If there is one thing I do commend myself during these dire times, it’s the fact that I never really stopped my prayers. I couldn’t get myself to talk about my deepest worries and fears with my mom; I know that she would have been accepting and encouraging, but I didn’t want her to see me in this state. Not yet. But there was someone I could talk to about what was keeping me tossing and turning.
This is the point where all I had left was God. I tried to do it on my own but it didn’t work. I had been trying to read the whole Bible within the year but that seemed like a superficial thing I was doing to impress others. I slipped in and out of reading the Bible for the right reasons. But thankfully, my prayers were a little different. There was nothing stopping me from pouring my heart out about the hurdles I was facing and seeking help.

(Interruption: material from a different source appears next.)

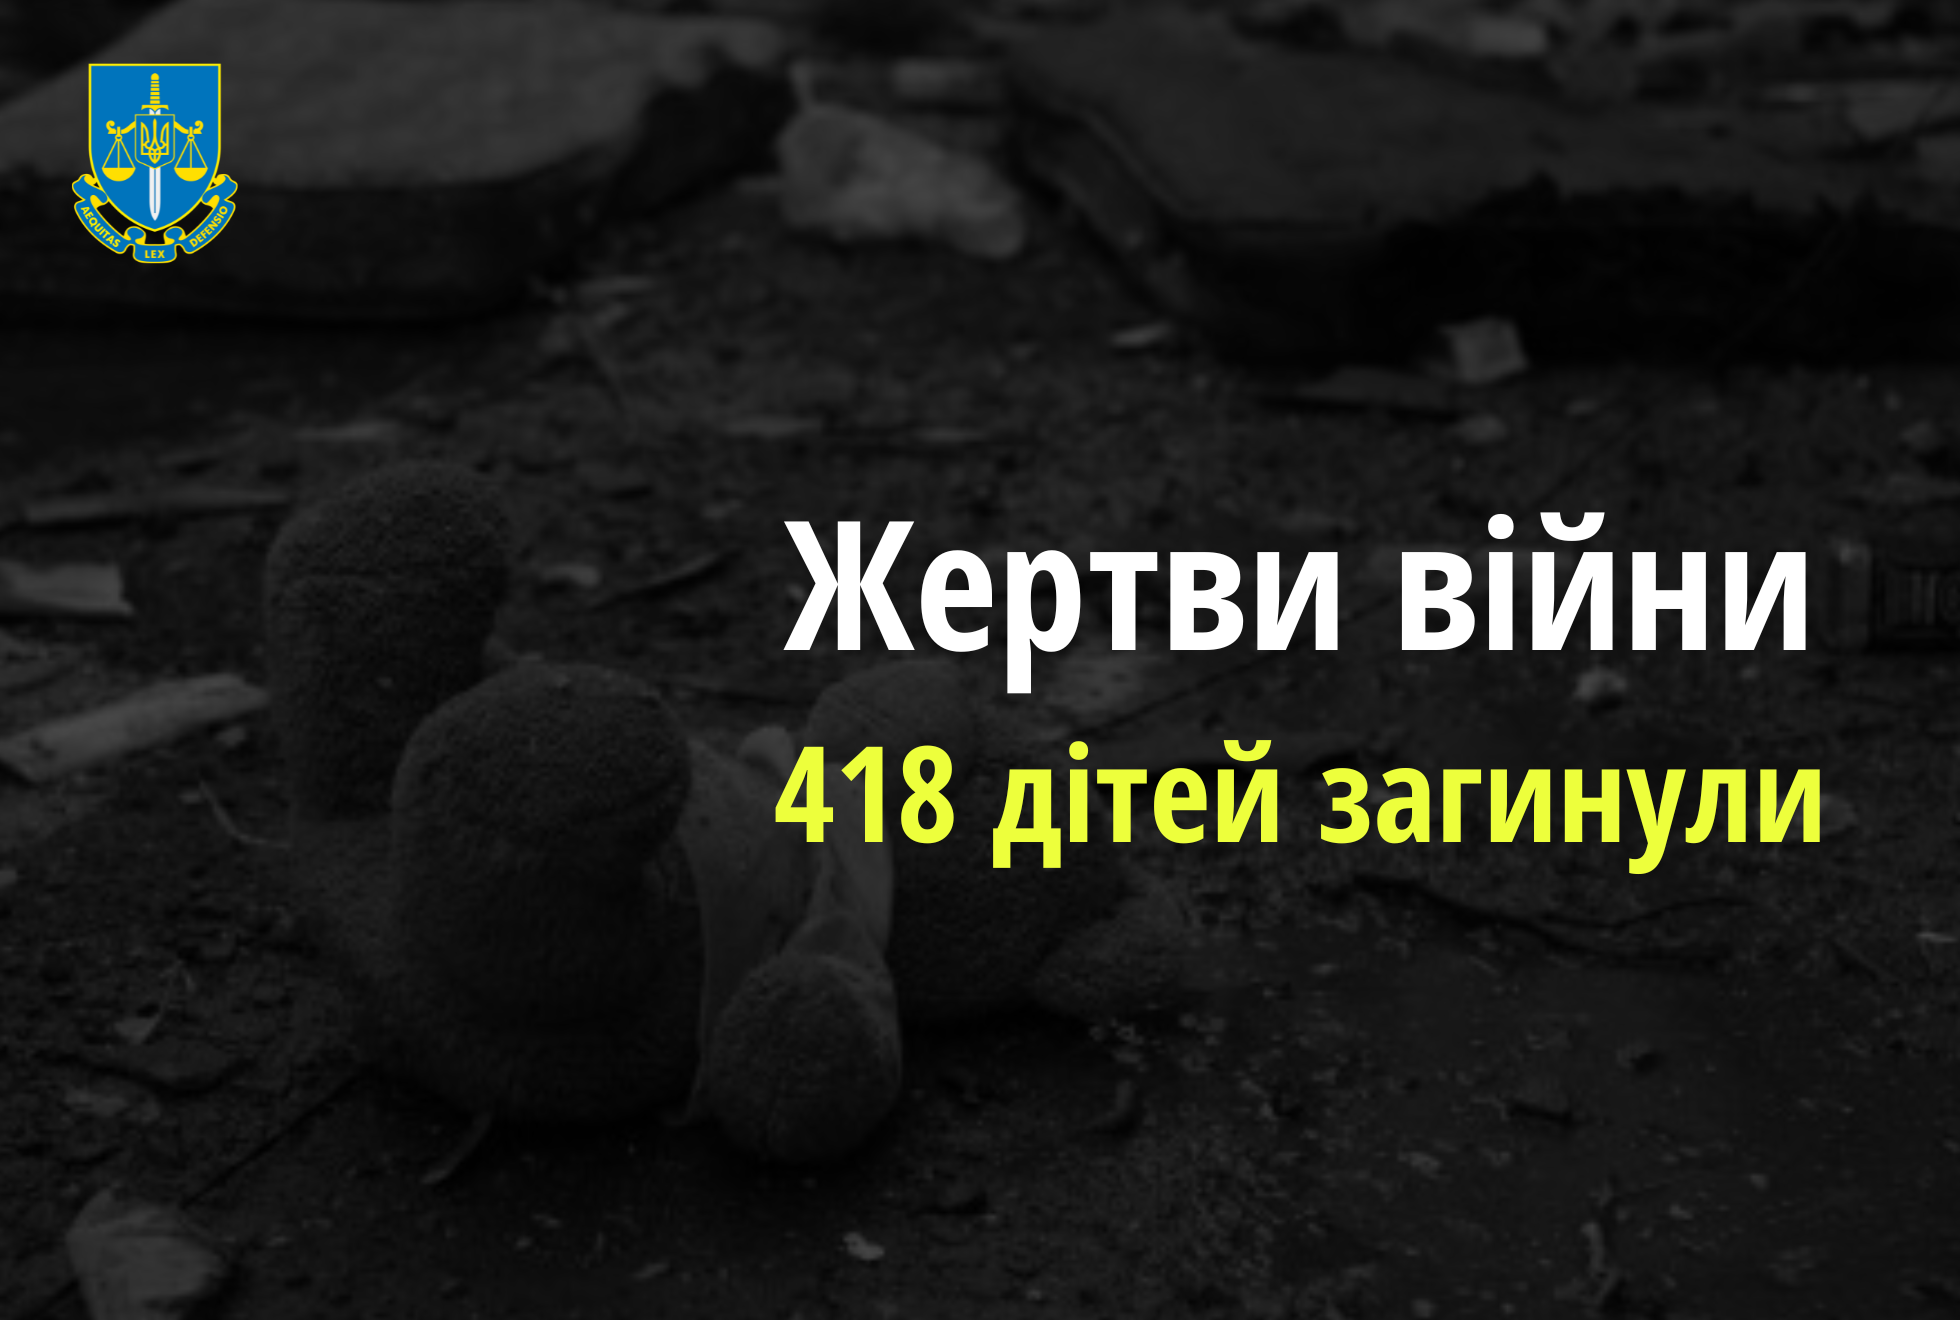 Ювенальні прокурори: 418 дітей загинуло внаслідок збройної агресії РФ в Україні

Every day, I would check my Bible app for the ‘Verse of the Day’. And miraculously, those verses would always fit my situation perfectly and gave me the strength to live out that day with a little less worrying. For example, Isaiah 55:6 (Seek the LORD while he may be found; call on him while he is near) gave me strength by telling me that God would listen to my call for help, guiding me on the right path so that I would not fall.
Then there’s Deuteronomy 31:6 (Be strong and courageous. Do not be afraid or terrified because of them, for the LORD your God goes with you; he will never leave you nor forsake you) — after receiving this verse, I could not stop myself from crying. Even if I had nothing to offer, God promised not to leave me, nor forsake me for the wrongful things I have done. He has told me to be courageous in front of the things that terrify me because he is with me.
These are just an inkling of the variety of messages that were given to me, in order to pull me out of the state I was in. And knowing that God would not give up on me, I decided that I could change and that right now, I had to build from the ground up once again.